HESI A2
HESI A2 Practice Test Anatomy and Physiology
1. During an interview, a parent of a hospitalized child is sitting in an open position. As the interviewer begins to discuss his son's treatment, however, he suddenly crosses his arms against his chest and crosses his legs. This would suggest that the parent is:
- A. just changing positions.
- B. more comfortable in this position.
- C. tired and needs a break from the interview.
- D. uncomfortable talking about his son's treatment.
Correct answer: D
Rationale: The parent's sudden change in body language from an open position to crossing arms and legs suggests discomfort or defensiveness, particularly when discussing his son's treatment. This closed-off position indicates a lack of willingness to share information and potentially signals discomfort with the topic being discussed. Choice A is incorrect as the abrupt shift in body language indicates more than just a change in position.

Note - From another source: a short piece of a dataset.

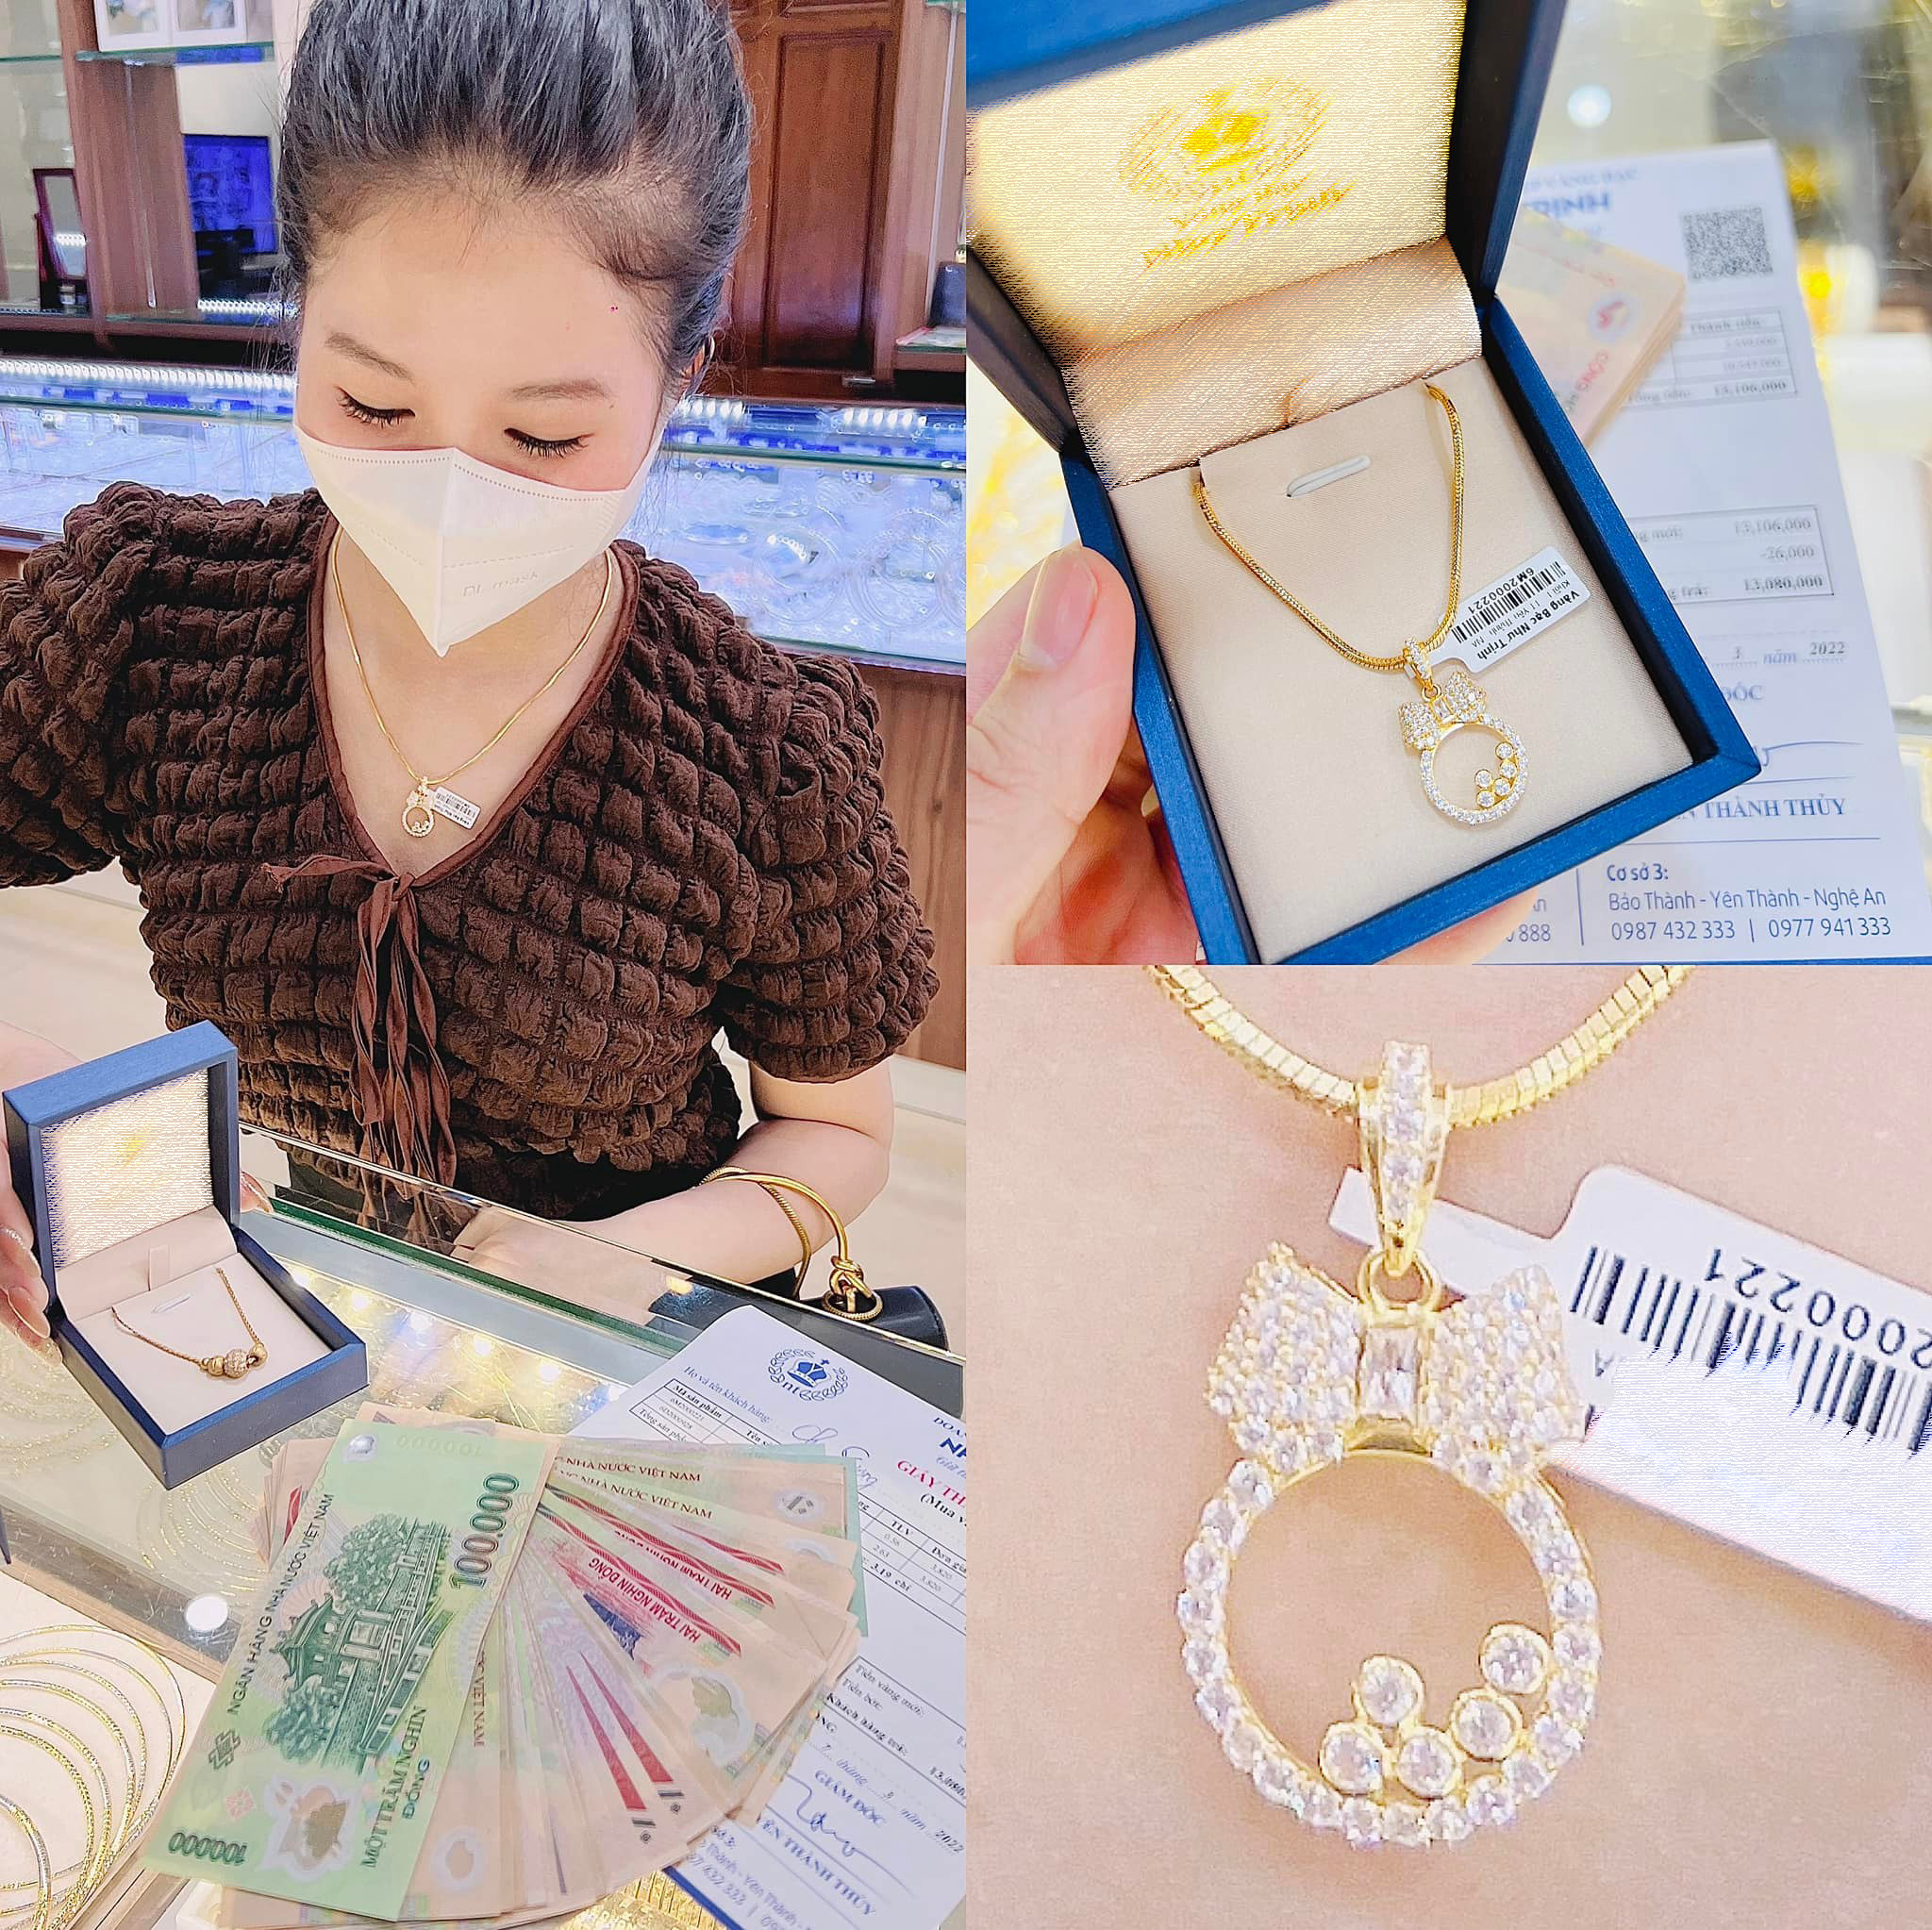 Trong sáng 8/3, ở nhiều tiệm vàng, các quầy bán khá sôi động khi nhiều người mua trang sức làm quà tặng ngày Quốc tế Phụ nữ. Ảnh: Thanh Phúc

Choice B is incorrect because crossing arms and legs typically signal defensiveness or discomfort rather than comfort. Choice C is incorrect as there are specific body language cues indicating discomfort rather than just fatigue.
2. When conducting an interview in an outpatient clinic using a computer to record data, what is the best use of the computer in this situation? Select all that apply.
- A. Collect the patient's data in a direct, face-to-face manner.
- B. Enter all the data as the patient states it.
- C. Ask the patient to wait as the data is entered.
- D. Type the data into the computer after establishing a connection.
Correct answer: A
Rationale: A. Collect the patient's data in a direct, face-to-face manner: When conducting an interview in an outpatient clinic, it is essential to engage with the patient face-to-face to establish a rapport, gather their narrative, and ensure accurate data collection. Entering all the data as the patient states it (choice B) may lead to missing important details or misinterpretation. Asking the patient to wait as the data is entered (choice C) can create a disconnect in communication and reduce patient engagement. Typing the data into the computer after establishing a connection (choice D) is not ideal as it is important to collect data actively while interacting with the patient.
3. When working with children from different cultural perspectives, the healthcare provider may find it particularly challenging because:
- A. children's spiritual needs are influenced by their stages of development.
- B. children's spiritual needs are direct reflections of what is happening in their homes.
- C. religious beliefs often impact the parents' views on the illness.
- D. parents are usually the decision-makers, but they may lack awareness of their children's spiritual needs.
Correct answer: A
Rationale: Children's spiritual needs are influenced by their stages of development, not just by what is happening in their homes. Understanding these needs requires knowledge of how children's spiritual beliefs evolve as they grow. Different cultural perspectives can bring varying beliefs and practices regarding children's spiritual development, which may challenge healthcare providers in addressing these needs effectively. Choice B is incorrect because children's spiritual needs are not solely reflections of their home environments but are shaped by various factors. Choice C is incorrect as it discusses the impact of parents' religious beliefs on illness views rather than focusing on children's spiritual needs. Choice D is incorrect as it addresses parental awareness of children's spiritual needs, which is not the primary challenge faced by healthcare providers in this context.
4. During an assessment, the nurse notices that a patient is handling a small charm that is tied to a leather strip around his neck. Which action by the nurse is appropriate?
- A. Ask the patient about the item and its significance.
- B. Ask the patient to lock the item with other valuables in the hospital's safe.
- C. Tell the patient that a family member should take valuables home.
- D. No action is necessary.
Correct answer: A
Rationale: The appropriate action for the nurse in this situation is to ask the patient about the charm and its significance. This helps the nurse understand the patient's cultural beliefs, personal values, and any potential significance the charm holds for the patient. It also shows respect for the patient's personal belongings. Asking about the charm can help establish rapport and cultural competence in the nurse-patient relationship. Choices B and C do not address the patient's attachment to the charm or provide an opportunity for cultural understanding. Choice D is incorrect as it dismisses the importance of acknowledging and respecting the patient's personal belongings.
5. When planning a cultural assessment, which component should be included?
- A. Family history
- B. Chief complaint
- C. Medical history
- D. Health-related beliefs
Correct answer: D
Rationale: When planning a cultural assessment, the nurse should include the component of health-related beliefs. Understanding a person's cultural background and beliefs about health and wellness is crucial for providing culturally competent care. Health-related beliefs can impact a person's attitudes towards illness, treatment preferences, and adherence to medical recommendations. Therefore, assessing health-related beliefs is essential for delivering effective and respectful healthcare services. Choices A, B, and C are important components of a comprehensive patient assessment but are not specific to cultural considerations. While family history, chief complaint, and medical history are pertinent to understanding a patient's health status, health-related beliefs focus specifically on the cultural aspect that influences an individual's health perceptions and behaviors.